There is a case to be made for genuine tax competition, whether between London and the rest of the country, or Scotland or wherever. But the formula contained in the Scotland Act is not really that. It’s a kind of quid pro quo – cutting the central government block funding by the amount that the Scots raise in tax if and when. And because it looks better to have something you can call your own tax, then that’s what they’ll do. Still the tight grip on the purse strings, though, and still those limits on what can and cannot be done, many from the EU. It’s just another puppet on a string block fund by any other name.
And in fact, looking at the Scottish example on finance, it is fascinating to see that one area where of course Scotland could have pulled off a serious (if small) tax/business coup. It gives one hope that they almost did. It was cannily spotted by those composing this new mess of pottage and whipped away – on APD (the passenger tax on flights) the Scots for a brief moment thought they had managed to get away with it and that they would take control of this, like Northern Ireland. This is a tax which is NOT EU driven (as yet) and is a classic example of the argument that where there is NOT an overarching authority in charge setting the detail of the rules, devolution can be used to great advantage and leverage – some Scottish politicians had plans to reduce APD drastically, in light of the fact there is no EU telling you that APD has to be between one level and another.
APD is a serious barrier to travel for some people – a family travelling from the North of England, and all those flying from Scotland, to destinations even just a few thousand miles away would have been substantially better off flying from a low-APD Scotland. It would have seen a massive increase in business around Scotland’s airports (including more destinations and greater concentration of them) and corresponding drops in airports in the North of England.
It is very difficult for a family in Manchester to take the same advantage of a flight from Belfast, so safer for the devolvers to permit the authorities there to have that (as long as it is not too effective). But of course the sudden realisation of its certain impact just across the border in Scotland guaranteed it was removed from the table and not considered by the centre as up for negotiation. You cannot have effective and meaningful financial devolution in a tightly controlled centralising state like ours (ie the EU, with its subsidiaries).
Does anyone seriously think that central government will give London the right to collect APD and set its own limits?
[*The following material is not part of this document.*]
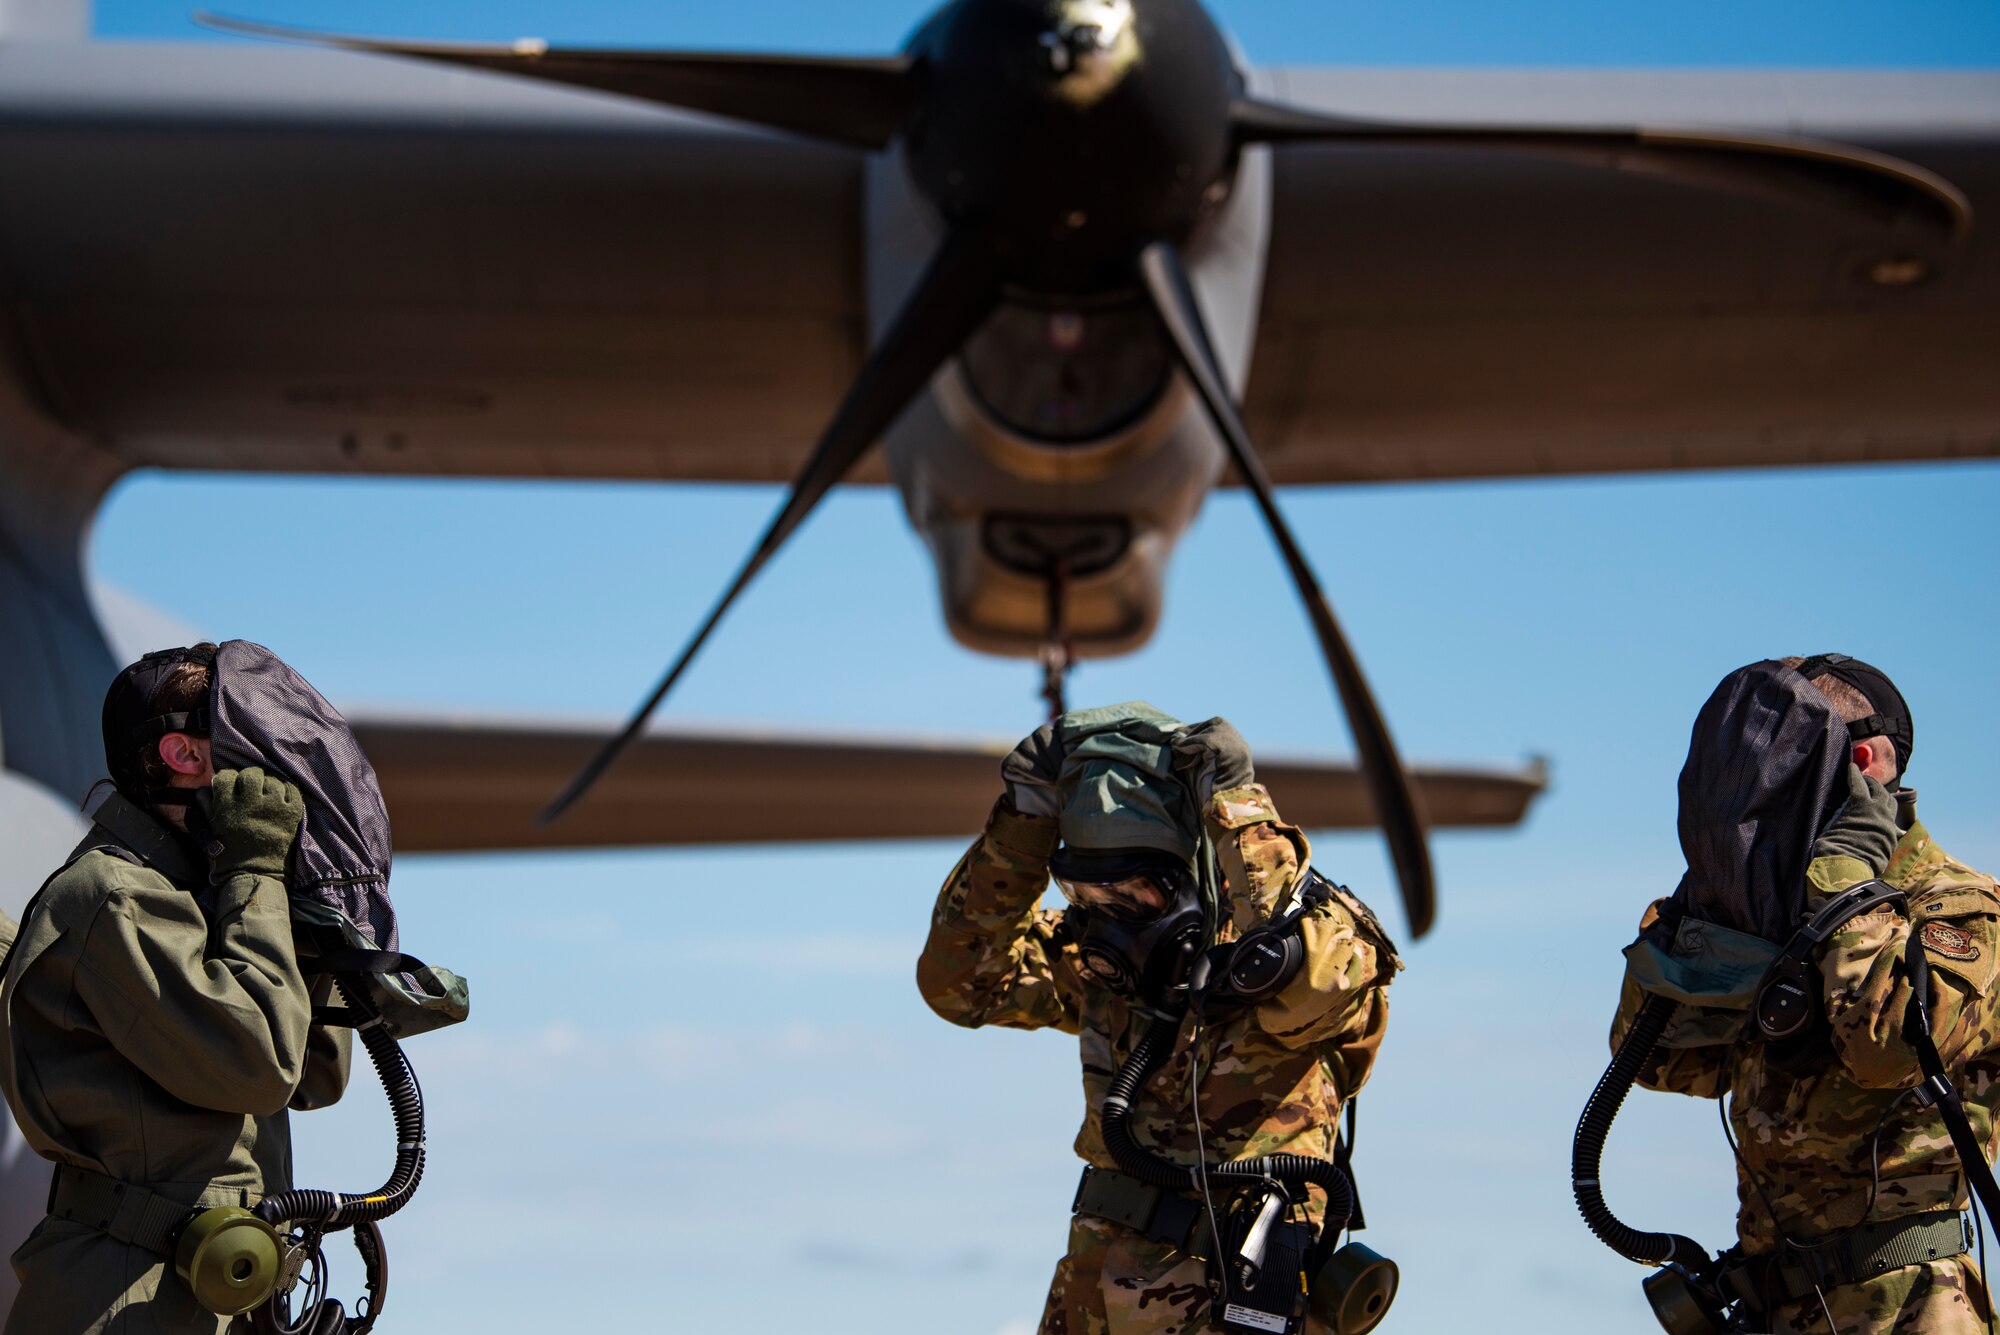 1st Lt. Coltan Nading, 40th Airlift Squadron pilot, left, Capt. Miranda Mila, 40th AS pilot, center, and Senior Airmen Noah Isom, 39th AS loadmaster, remove their gas masks next to a C-130J Super Hercules at Dyess Air Force Base, Texas, June 2, 2021. The aircrew demonstrated the operability of the new Two-Piece Undergarment universal integrative ensemble chemical protective suit during simulated preflight and ground egress procedures.

Let’s see what the Commission says about it.
Tell us what is possible
In the infamous Foreign Office advice note of the early 1970s at around the time when the UK joined “the Common Market/EEC”, it was said that no-one should mention the gradual encroachment of the EEC/EU on democracy and likely decrease in the power of the UK to make its own laws, and that decision makers should conceal this loss from the people for fear that it might provoke a public backlash. I appreciate therefore that the Commission will not want to admit that the EU’s role is a big one here, in both what powers can be exercised by devolved bodies or what they can spend their cash on.
But if their deliberations are to have any meaning, and they are to draw upon other EU cities like Berlin as examples, they must tell us frankly what is and is not possible and why. Maybe this exercise can start the process of getting real about power and where it lies. No point cherry picking and casting a wide ‘ideal world’ net which ignores realities and the law. And they need to explain in a simple way who is going to pay…and tell us if they are to declare turf war of any form on the boroughs to get hold of their cash.
And they may indeed find that under the current regime and rules the London Mayor is eternally cast as Oliver Twist, approaching the bullying Beadle (currently played by David Cameron) asking for more, with the beadle’s bosses in Brussels (“the board of well fed gentlemen who run the workhouse”) expressing outrage at the cheek.